EXERCISE: Write every line below out again, exactly as given, but leave out the pictures.

Records excerpted from a collection:
· · ·
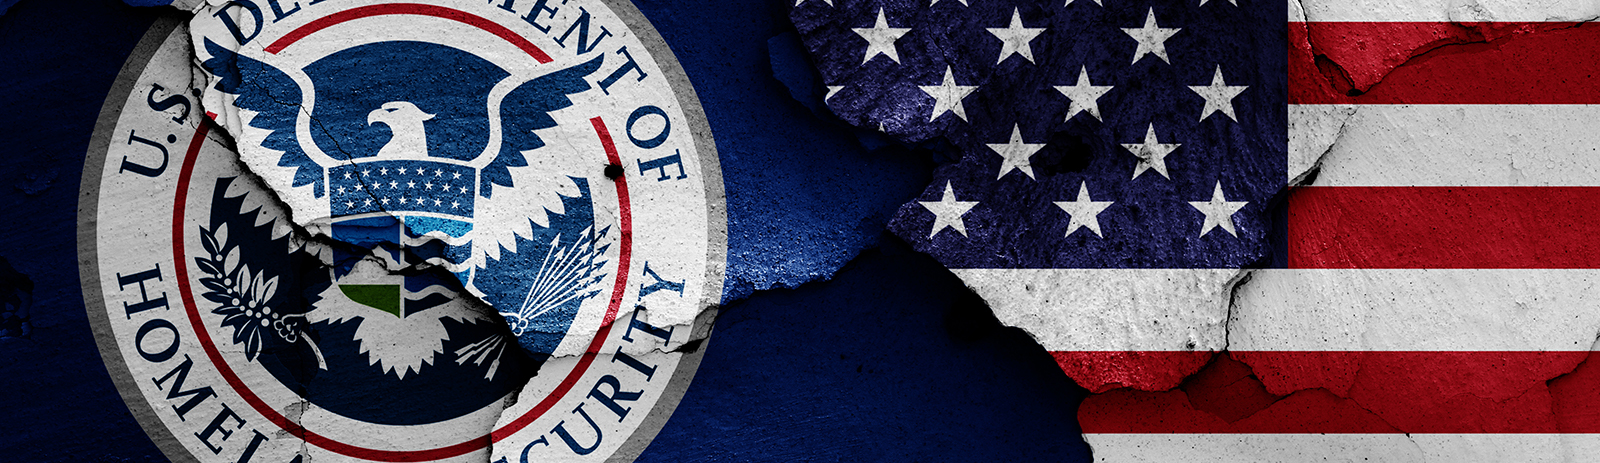 United States Department of Homeland Security image
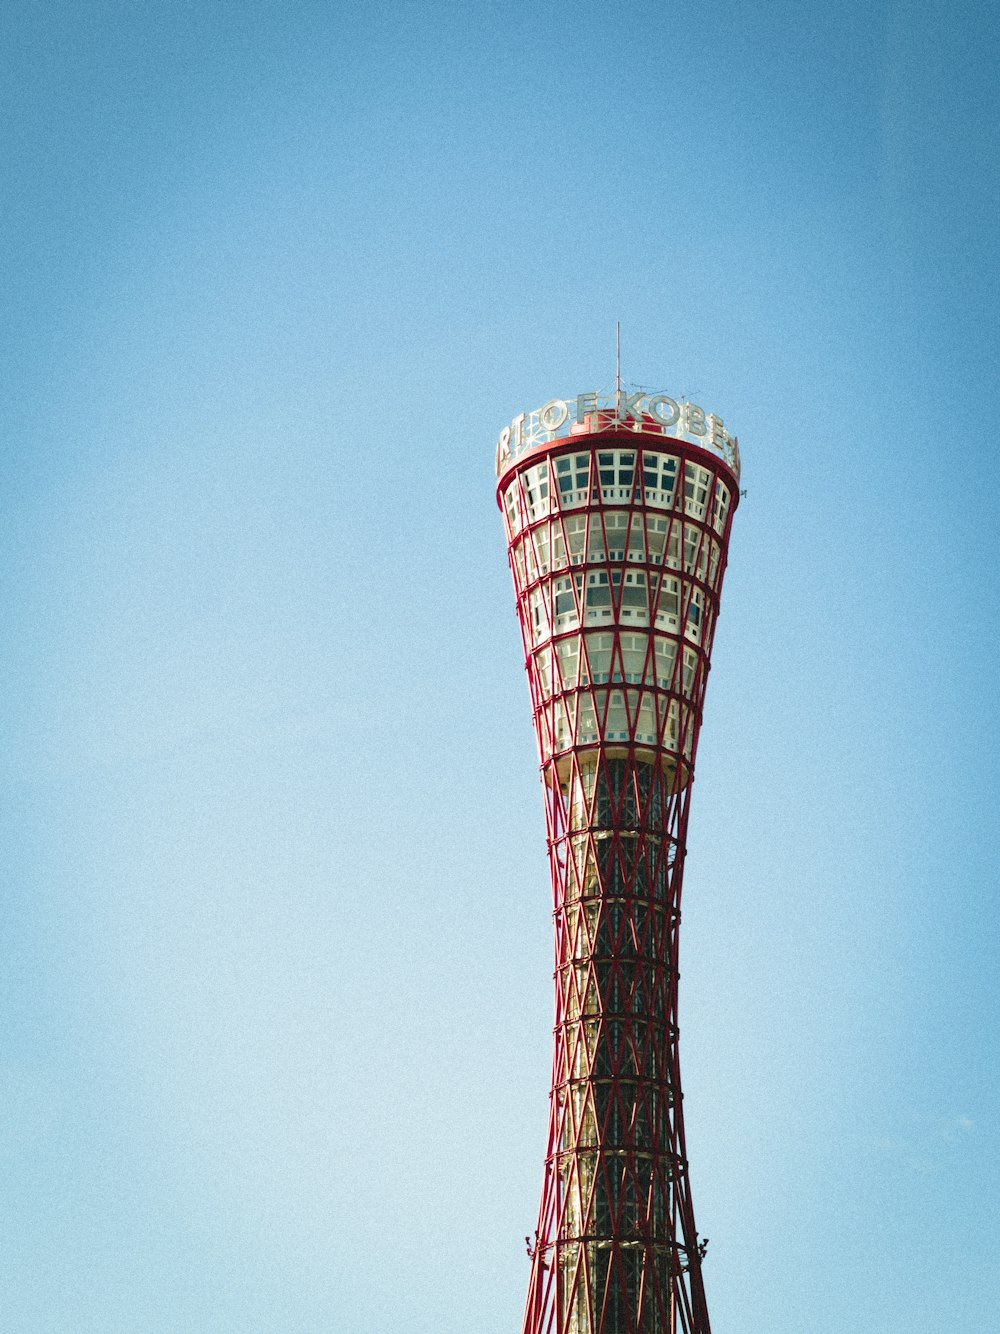 a very tall tower with a sky background
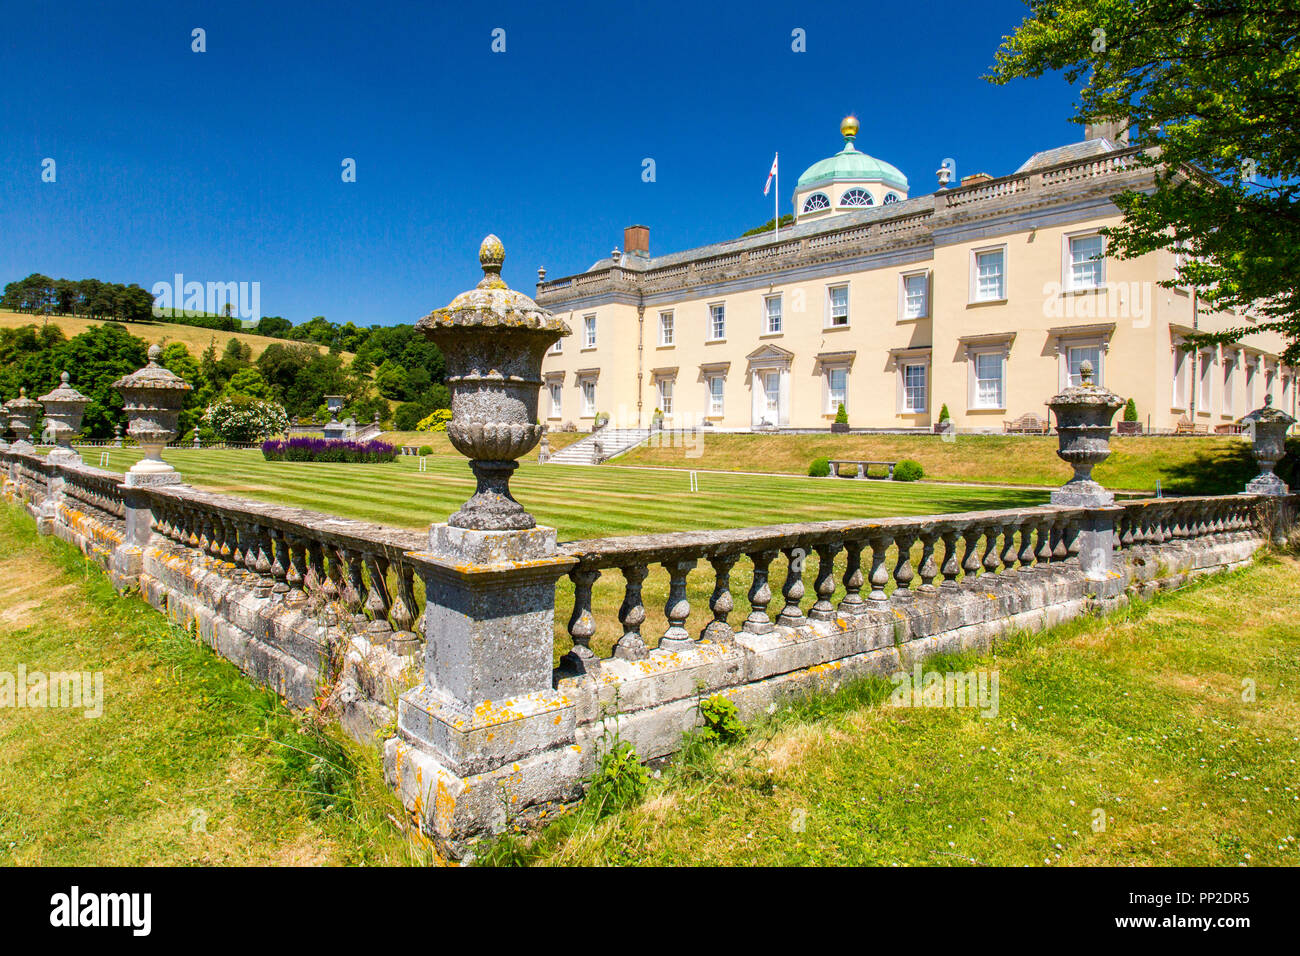 Impressive Palladian architecture at Castle Hill House and Gardens, near Filleigh, Devon, England, UK Stock Photo
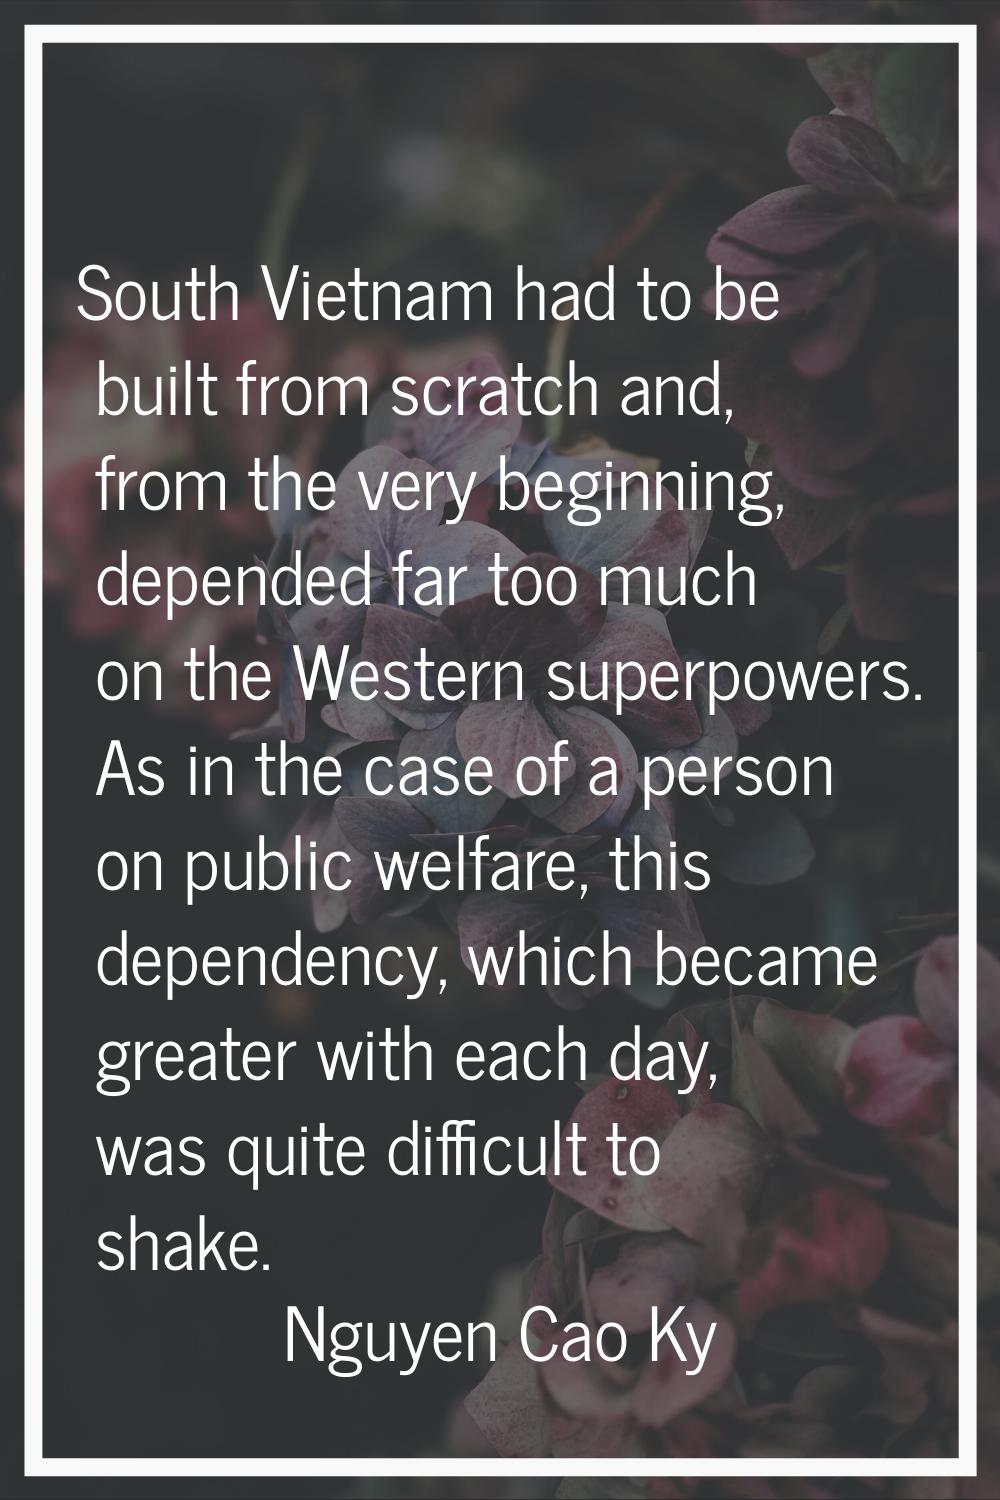 South Vietnam had to be built from scratch and, from the very beginning, depended far too much on t
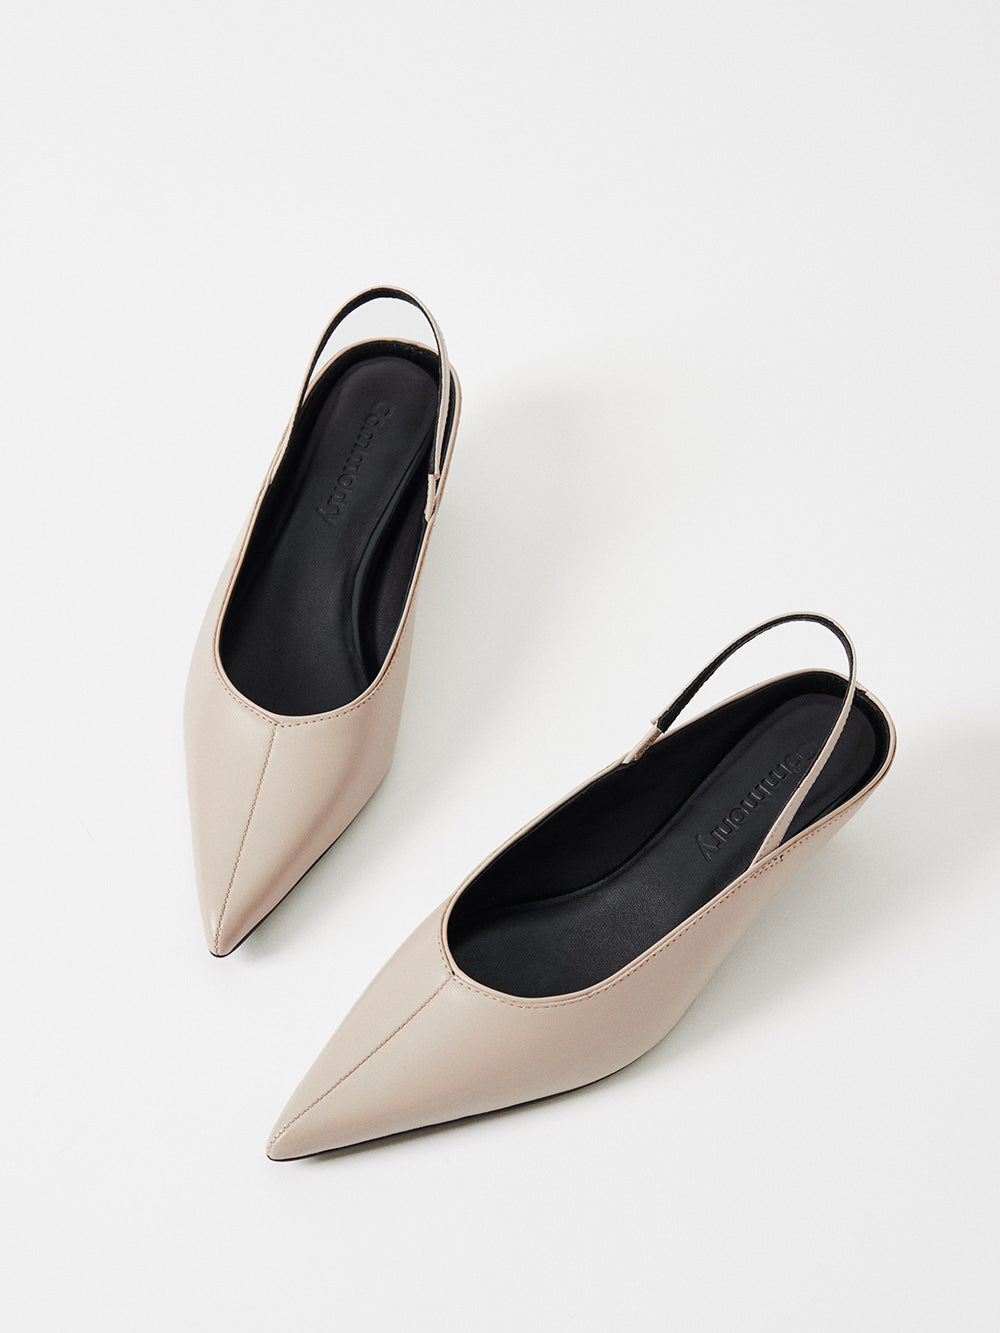 The Scout Leather Slingback
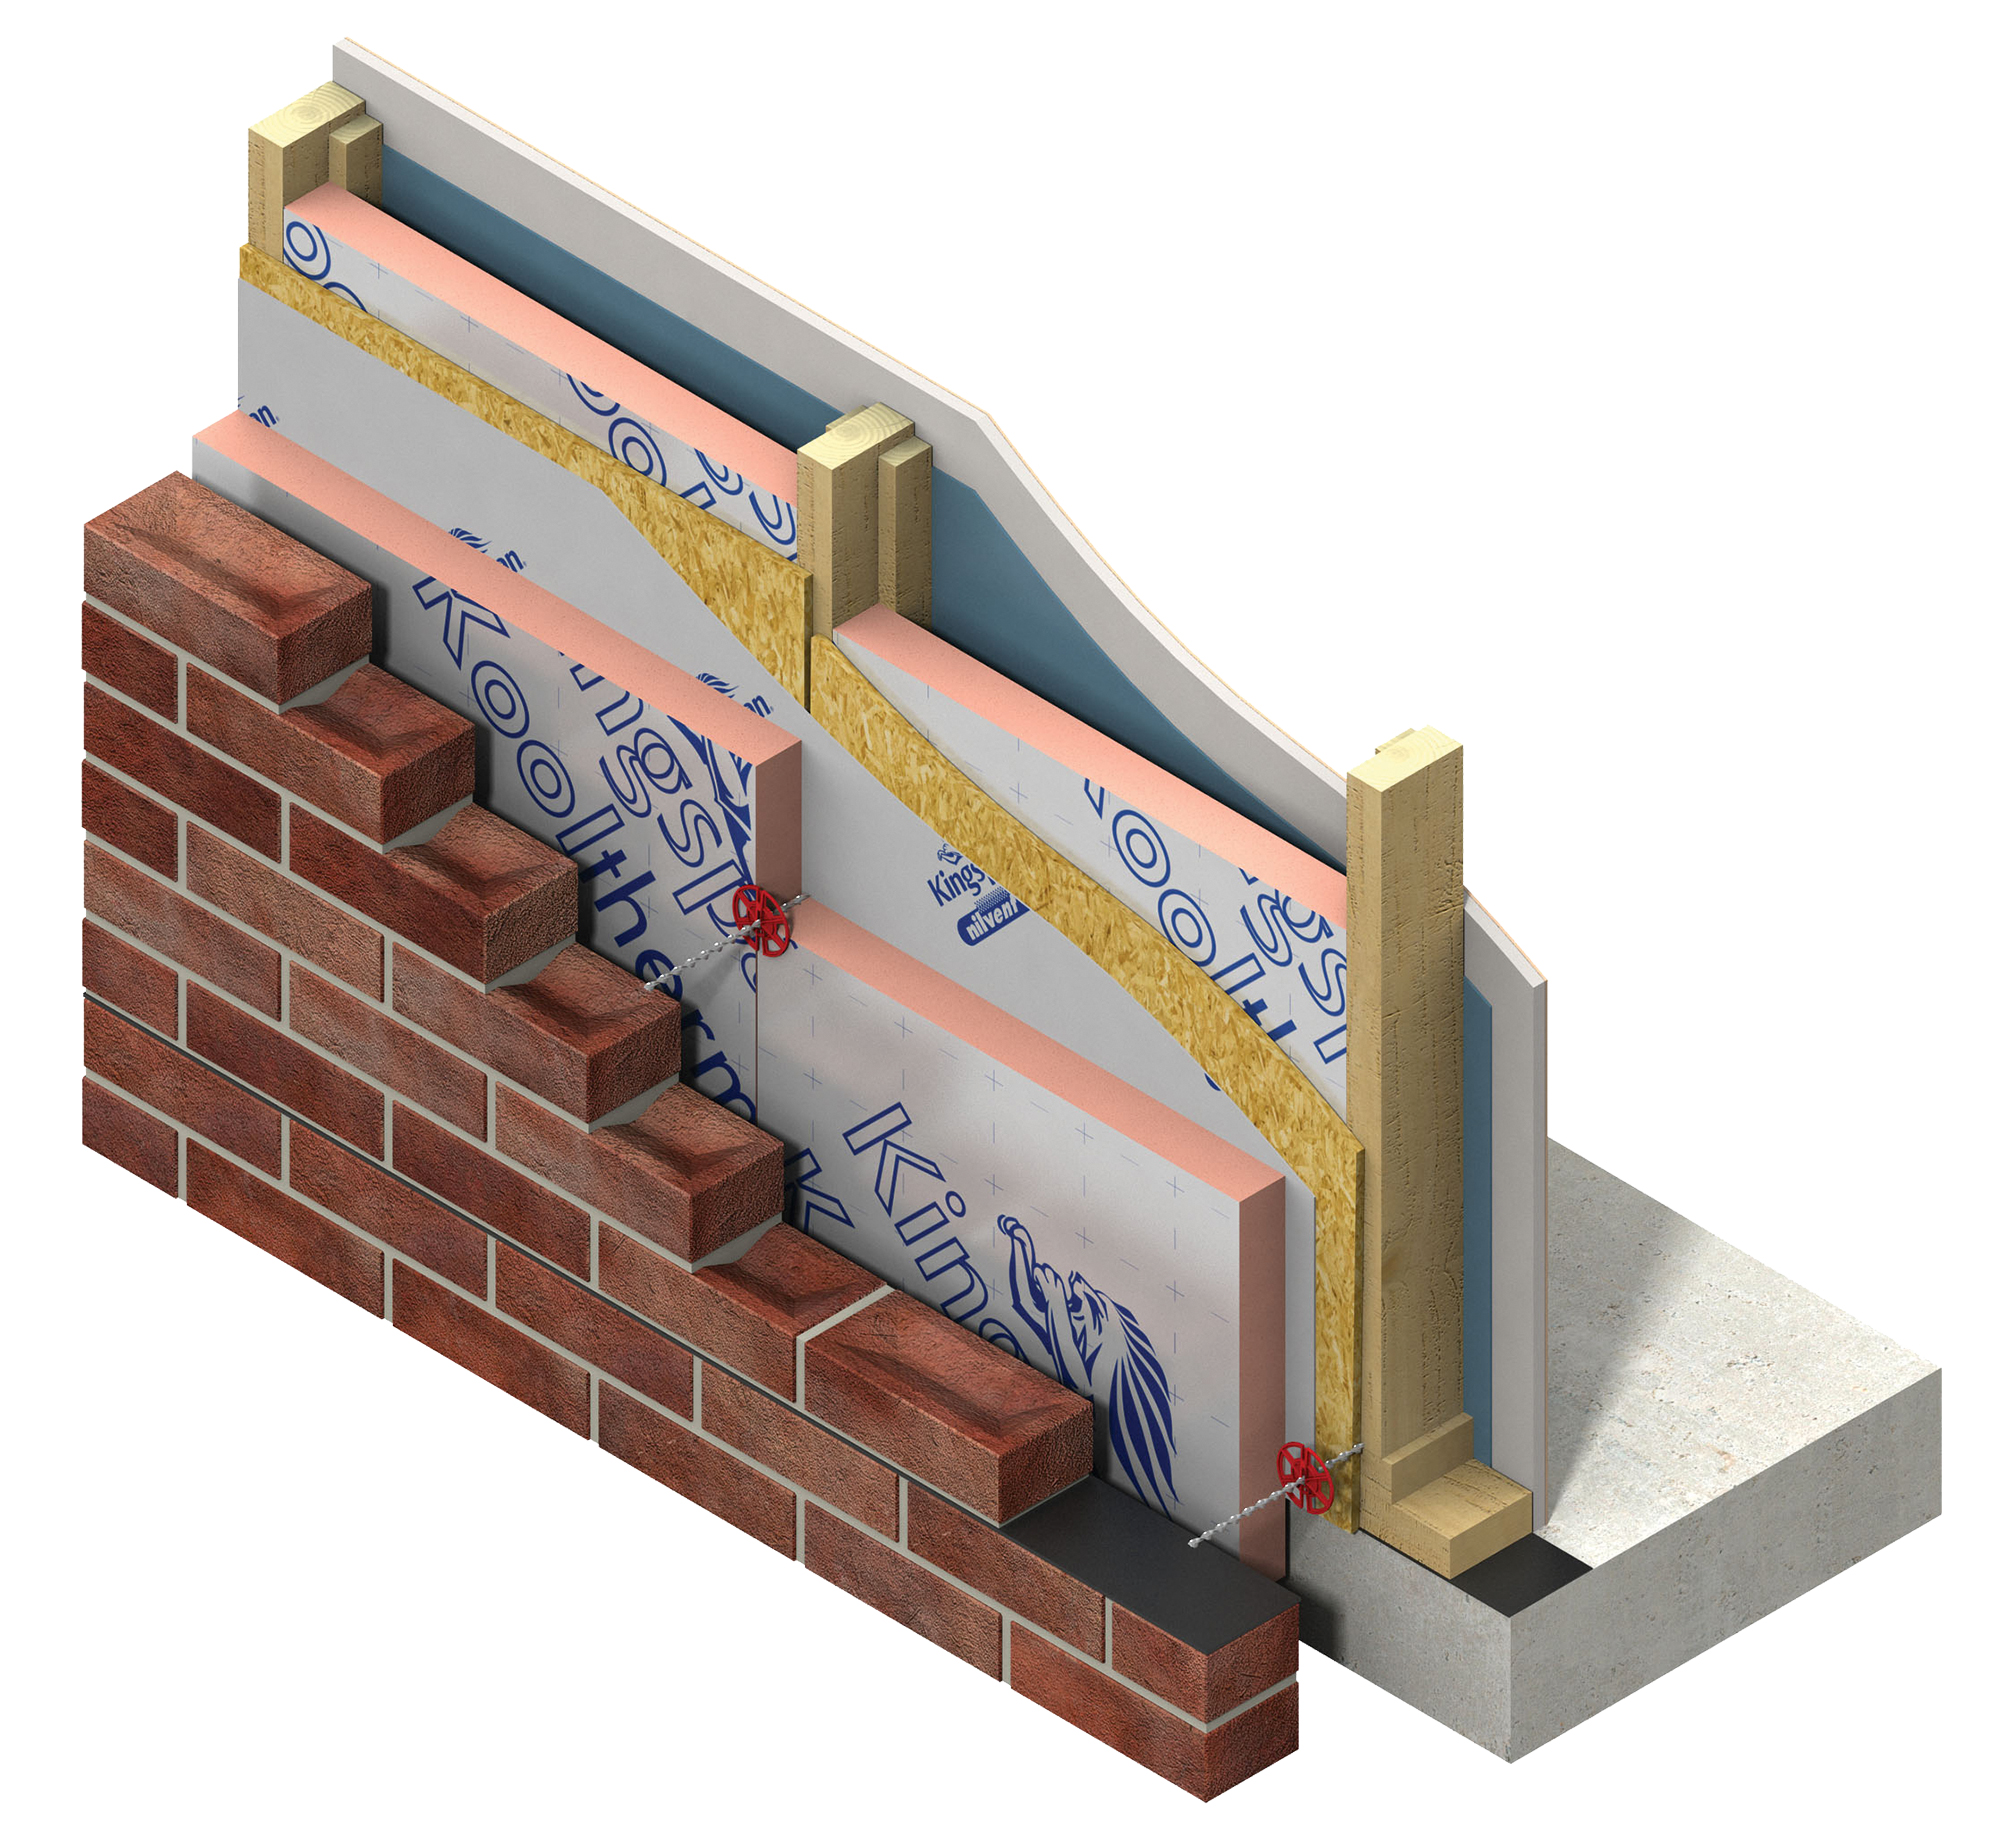  This diagram shows a masonry external wall tied back to a timber frame structure using cavity wall ties. Note the red clips to hold an extra layer of external Kingspan Thermawall insulation in place
· · ·
RESPONSE BELOW:
 United States Department of Homeland Security image
 a very tall tower with a sky background
 Impressive Palladian architecture at Castle Hill House and Gardens, near Filleigh, Devon, England, UK Stock Photo
 South Vietnam had to be built from scratch and, from the very beginning, depended far too much on t
 The Scout Leather Slingback
  This diagram shows a masonry external wall tied back to a timber frame structure using cavity wall ties. Note the red clips to hold an extra layer of external Kingspan Thermawall insulation in place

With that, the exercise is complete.